- Born: Jordan James McIntosh December 20, 1995 (age 30) Ottawa, Ontario, Canada
- Origin: Carleton Place
- Genre: Country
- Occupation: Singer-songwriter
- Instrument: Guitar
- Years active: 2012–2017
- Labels: IROC, Big Star
- Website: https://www.jordanmcintosh.com

= Jordan McIntosh =

Canadian singer-songwriter

Jordan James McIntosh (born December 20, 1995) is a Canadian country singer-songwriter from Ottawa, Ontario.
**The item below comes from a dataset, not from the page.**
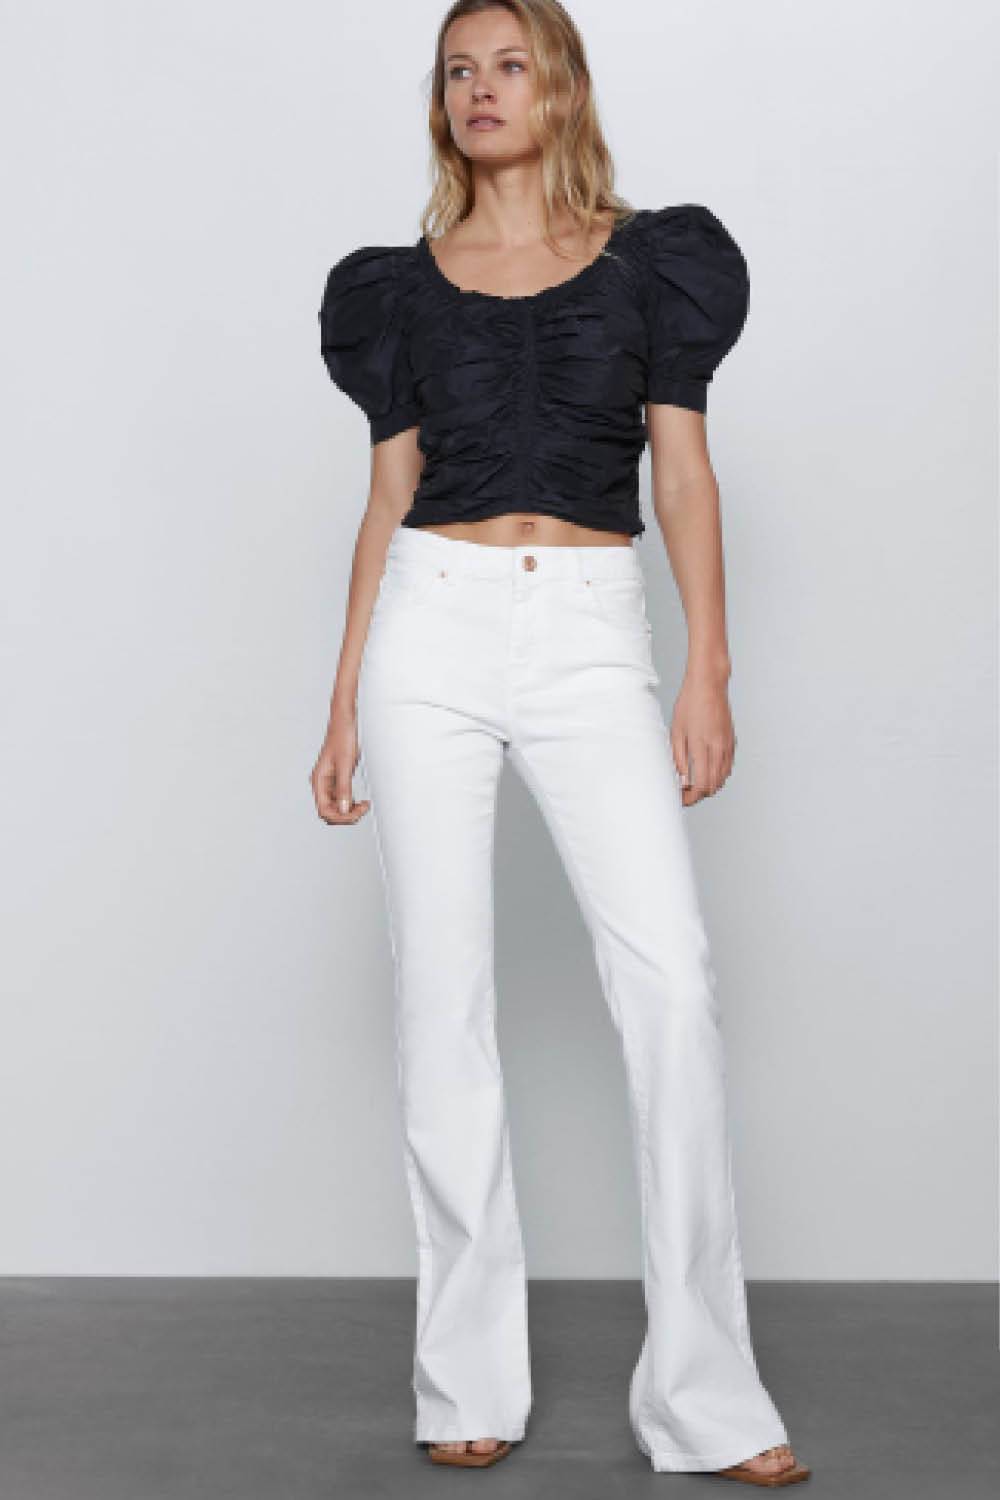 Fondo de armario de verano jeans blancos
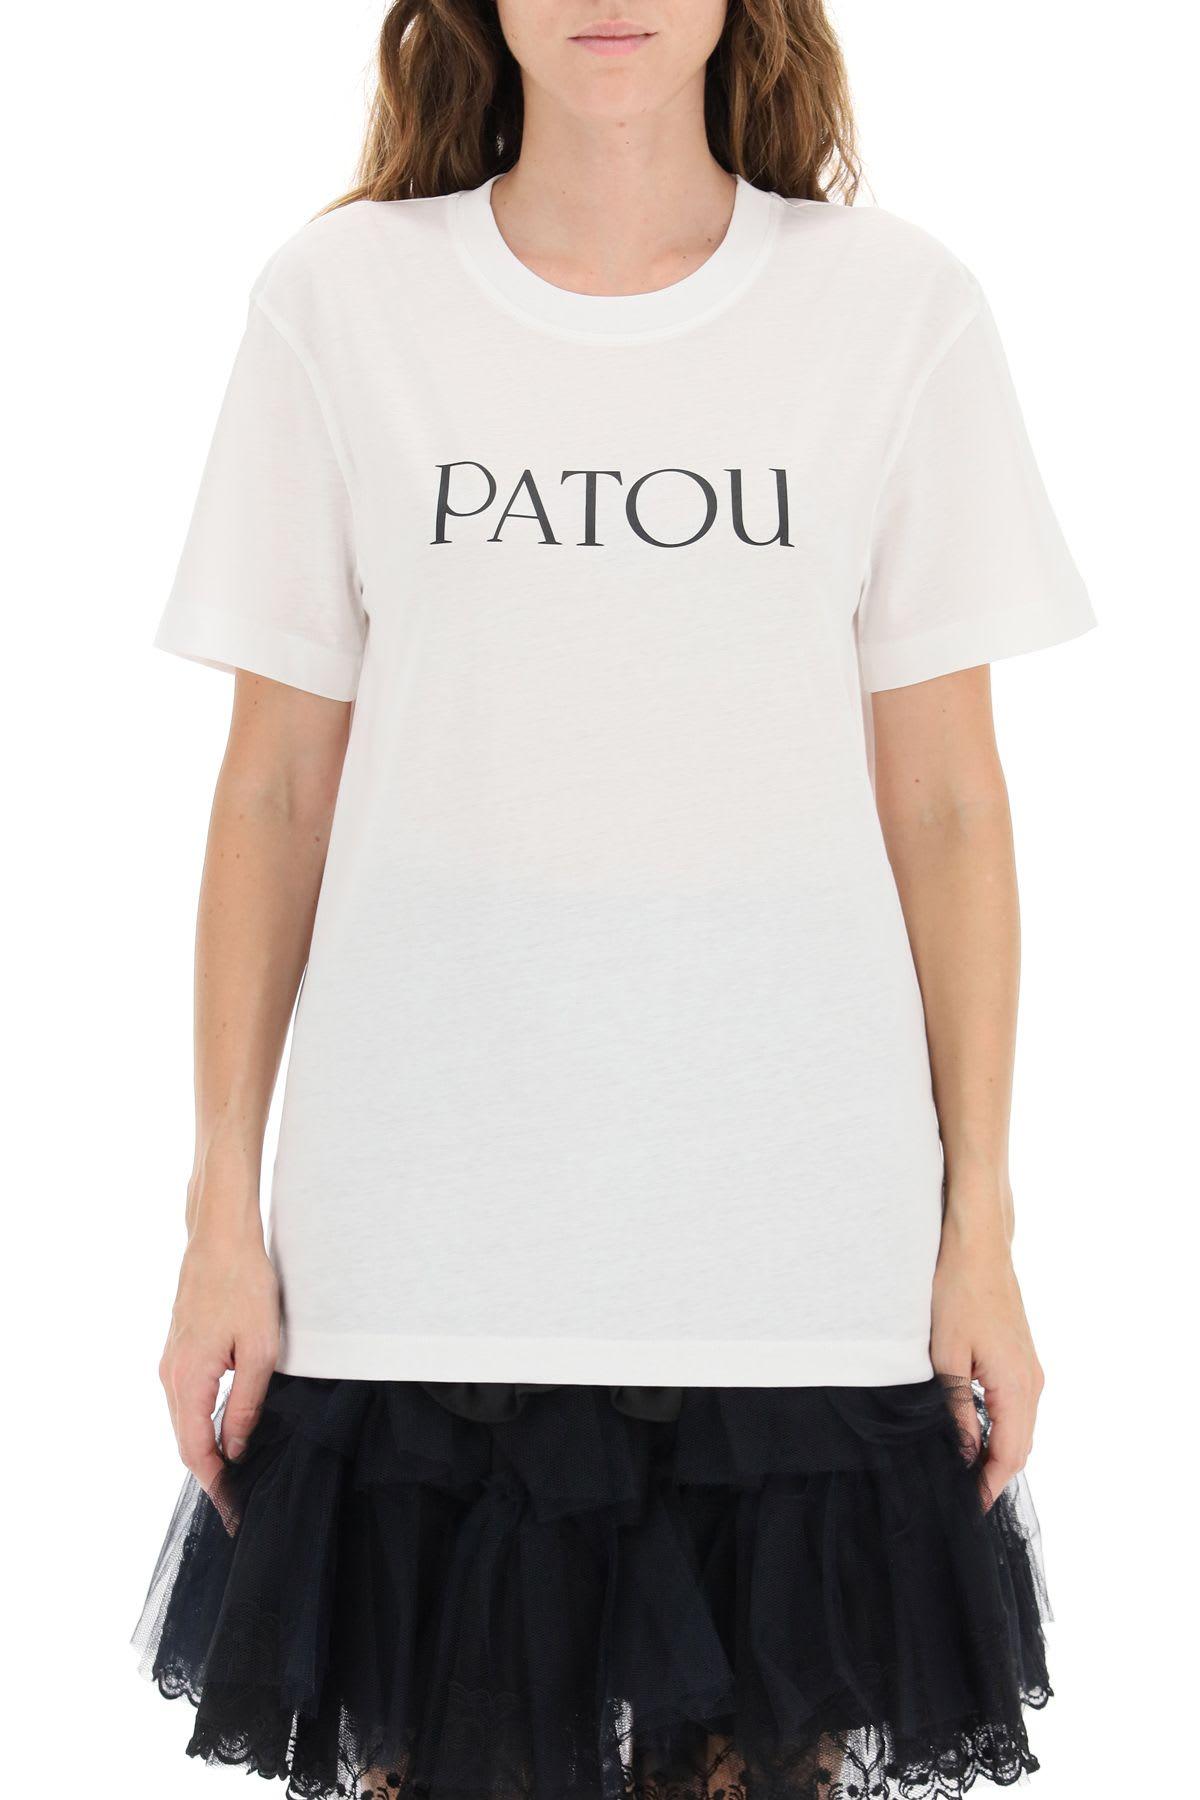 Patou Cotton Logo Print T-shirt in White - Lyst

He has released a number of singles.

==Career==
He was born to Greg and Julie McIntosh in Ottawa, Ontario. He has an older sister Melissa. He is presently based in Carleton Place.

McIntosh's first single, "Walk Away", was released in August 2012, followed by "Let Me Love You", "Grew Up in a Country Song", "That Girl" and "Story of My Life" which featured George Canyon. He also was featured on Canyon's Christmas song "Home for Christmas", which also included Aaron Pritchett and One More Girl.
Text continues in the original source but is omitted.